Thai Green Curry Paste

I’ve got a thing about making curry at the moment. I recently tried out a recipe that I found on Recipe Rifle (Esther Walker’s recipe blog) for butter chicken, which was in turn a Hugh Fearnley-Whatshisface recipe, and it was lovely (you can read the recipe here). Although it’s a bit of a faff to make initially, the recipe made enough to put three spare portions of sauce in the freezer, and you don’t even have to bother defrosting them- just whack them in the pan whenever you fancy a curry.

Anyway, I’ve been wanting to make some Thai green curry paste for a while, just to see how it turned out and whether it was worth the bother. I tried some of it last night and it actually was worth the bother, so when I’ve used up all the portions in the freezer I’m definitely going to make some more.

I’ve cobbled together my own recipe from lots of different ones, and it goes a little something like this:

Ingredients

  • 6-8 green chillies, halved and de-seeded
  • 5 large banana shallots (or 8-10 smaller shallots), peeled
  • 6 large-ish cloves garlic (or equivalent), peeled
  • 6 thin or 3 fat lemongrass stalks, outer layer removed, topped and tailed to leave the tender parts and chopped into shorter lengths
  • A sploosh of fish sauce
  • 5 or 6 kaffir lime leaves
  • 2 large or 3 small limes (zest and juice)
  • large bunch fresh coriander
  • ginger or galangal or mixture of both (equivalent of a large hand), peeled
  • a generous sprinkling of cumin seeds
  • a generous sprinkling of ground coriander
  • palm sugar (a couple of tablespoons worth)
  • some peppercorns

Obligatory picture of the finished (and frozen) product

Whizz all the ingredients in a food processor, then whizz with a hand blender to make sure everything is well puréed (I know this makes more washing up, but my food processor couldn’t quite manage to purée the last few chunks of ginger). Freeze in individual portions (I use tiny 5cm by 5cm by 5cm Tupperware pots).

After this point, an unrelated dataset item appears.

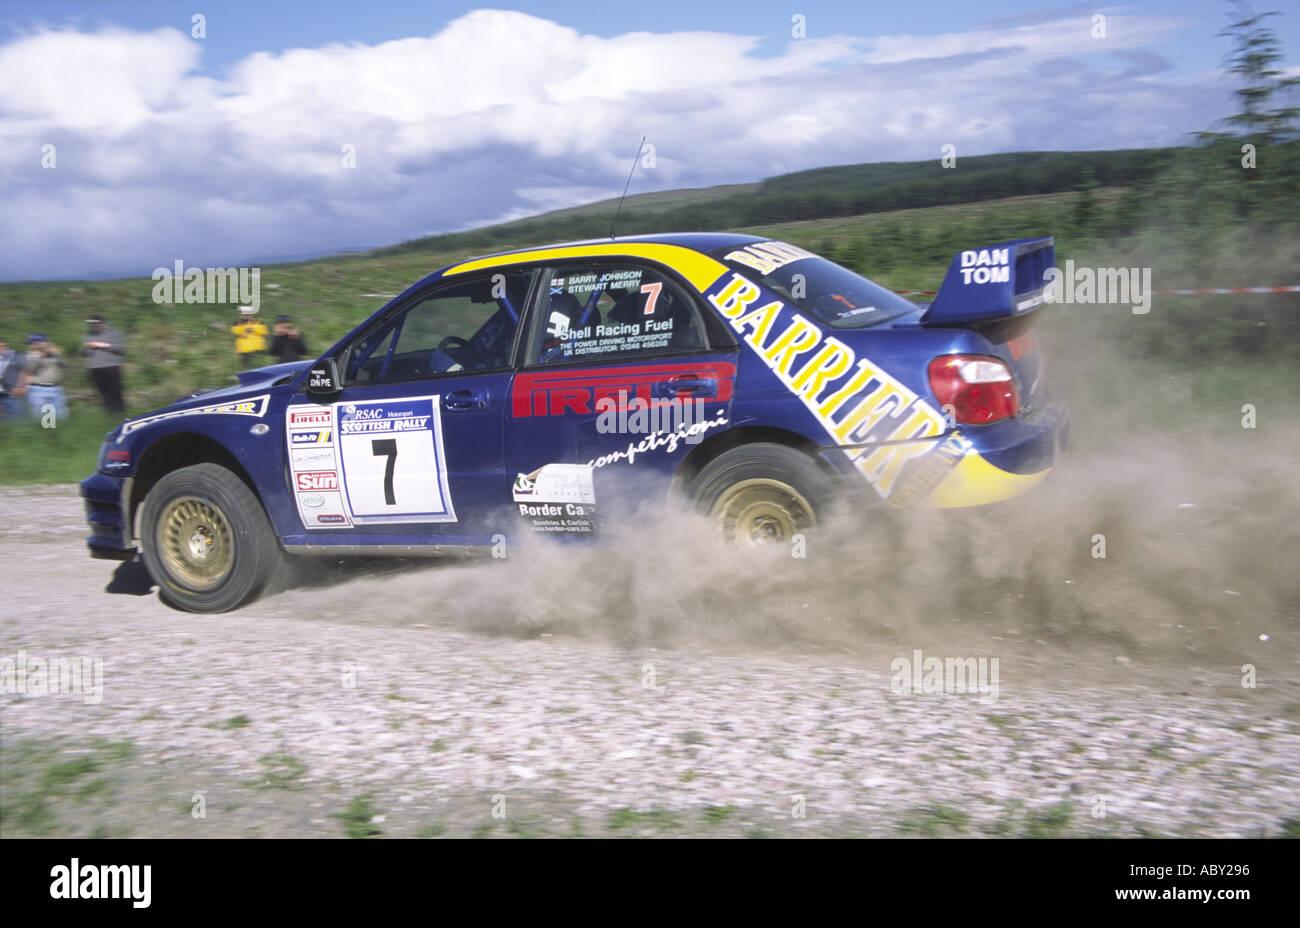 RSAC Scottish Rally cornering rally car kicking up the dust - Stock Image

To make a curry to serve two people:

Fry up your preferred curry ingredients (I’d suggest chicken or prawns, with some sliced onion and crunchy veg), then add a portion of defrosted curry paste and 200ml coconut milk (as this is half a normal tin, I usually freeze the rest). Maybe also add an extra splosh of fish sauce. Serve with rice.

The paste above is tailored to my own heat tolerance (i.e. quite mild), but add more chilli if you like it a bit hotter.

A note about ingredients:

I happened to find some galangal in Bartlett and White, which is a greengrocer in Ramsgate of all places- I think you can also sometimes get it from small Asian food shops, though ginger would be a cheaper and, I’m sure, perfectly acceptable substitute. Most of the other ingredients can be bought in supermarkets.